The evaluation of artificial intelligence (AI) systems, particularly large language models (LLMs), has come to the fore in recent artificial intelligence research. Existing benchmarks, such as the original Massive Multitask Language Understanding (MMLU) dataset, have been found to inadequately capture the true potential of AI systems, largely due to their focus on knowledge-based questions and limited answer options. This leads to an incomplete understanding of AI systems’ reasoning capabilities and problem-solving ability, highlighting the need for more inclusive datasets.
To address these limitations, researchers from TIGER-Lab have introduced the MMLU-Pro dataset, a more comprehensive benchmark specifically designed to evaluate LLMs. The MMLU-Pro increases the number of answer options per question from four to ten and includes more reasoning-focused questions, significantly enhancing the evaluation’s complexity and breadth. The construction of this dataset involved filtering the original MMLU dataset to retain only challenging and highly relevant questions. Subsequent augmentation involved using GPT-4 to generate plausible distractors, increasing the complexity and realism of the evaluation.

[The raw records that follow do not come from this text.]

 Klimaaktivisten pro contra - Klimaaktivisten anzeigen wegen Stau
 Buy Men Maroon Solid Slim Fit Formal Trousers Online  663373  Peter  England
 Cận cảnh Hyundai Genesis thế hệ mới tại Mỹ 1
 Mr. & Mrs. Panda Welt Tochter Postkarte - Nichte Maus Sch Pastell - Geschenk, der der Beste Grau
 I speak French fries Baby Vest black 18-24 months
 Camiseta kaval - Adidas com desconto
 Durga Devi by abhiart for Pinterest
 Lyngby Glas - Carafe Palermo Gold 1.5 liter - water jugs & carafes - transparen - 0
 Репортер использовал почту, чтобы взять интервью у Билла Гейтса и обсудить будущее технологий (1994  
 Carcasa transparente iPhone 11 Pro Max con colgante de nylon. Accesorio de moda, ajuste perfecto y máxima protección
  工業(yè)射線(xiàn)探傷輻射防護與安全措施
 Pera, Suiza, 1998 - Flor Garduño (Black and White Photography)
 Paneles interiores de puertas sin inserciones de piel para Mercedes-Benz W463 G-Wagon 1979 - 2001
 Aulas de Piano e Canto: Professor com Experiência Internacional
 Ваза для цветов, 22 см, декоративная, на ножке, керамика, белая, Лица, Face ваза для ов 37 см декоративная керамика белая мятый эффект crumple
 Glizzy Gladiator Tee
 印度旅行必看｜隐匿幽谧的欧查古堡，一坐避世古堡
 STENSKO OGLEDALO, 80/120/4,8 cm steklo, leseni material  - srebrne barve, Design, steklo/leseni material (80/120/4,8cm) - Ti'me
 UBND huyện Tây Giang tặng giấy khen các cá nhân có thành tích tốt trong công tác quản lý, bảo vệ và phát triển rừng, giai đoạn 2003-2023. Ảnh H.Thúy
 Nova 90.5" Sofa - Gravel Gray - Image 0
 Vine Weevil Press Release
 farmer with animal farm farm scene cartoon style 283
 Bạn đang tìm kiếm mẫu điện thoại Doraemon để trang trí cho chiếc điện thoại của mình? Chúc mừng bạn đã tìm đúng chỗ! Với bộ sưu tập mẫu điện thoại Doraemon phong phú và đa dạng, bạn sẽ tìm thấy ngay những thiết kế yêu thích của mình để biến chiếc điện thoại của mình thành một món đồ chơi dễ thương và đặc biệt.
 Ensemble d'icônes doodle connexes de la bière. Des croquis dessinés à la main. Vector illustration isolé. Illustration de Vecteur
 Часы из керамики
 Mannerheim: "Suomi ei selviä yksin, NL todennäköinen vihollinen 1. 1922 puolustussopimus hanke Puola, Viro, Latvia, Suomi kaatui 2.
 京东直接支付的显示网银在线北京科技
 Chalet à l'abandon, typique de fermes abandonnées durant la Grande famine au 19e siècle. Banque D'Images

Each question in the MMLU-Pro dataset and its ten answer options have undergone thorough review by a panel of over ten experts. Moreover, the dataset sources its questions from high-quality STEM websites, theorem-based QA datasets, and college-level science exams, ensuring a robust benchmarking tool for AI. By tapping into various disciplines and reducing the likelihood of random guessing, this new dataset provides a more accurate and comprehensive assessment of LLMs’ capabilities.
Performance evaluations have revealed significant differences in the results scored in the MMLU-Pro compared to the original MMLU. For instance, GPT-4’s accuracy dropped by 17.21% to 71.49% when tested with the MMLU-Pro, while other models like GPT-4-Turbo-0409 and Claude-3-Sonnet experienced similar drops. This demonstrates the increased difficulty and robustness of the new dataset, demanding improved reasoning and problem-solving skills from AI models.
In conclusion, the introduction of the MMLU-Pro dataset marks a major development in AI evaluation. This dataset provides a more sophisticated benchmark for LLMs, pushing them to operate at higher levels of complexity and reasoning. The significant drops in the performance of models like GPT-4 highlight the effectiveness of the dataset in pointing out room for improvement. This new evaluation tool brings substantial value for future AI advancements, facilitating critical enhancements to the performance of LLMs based on a more accurate measure of their capabilities.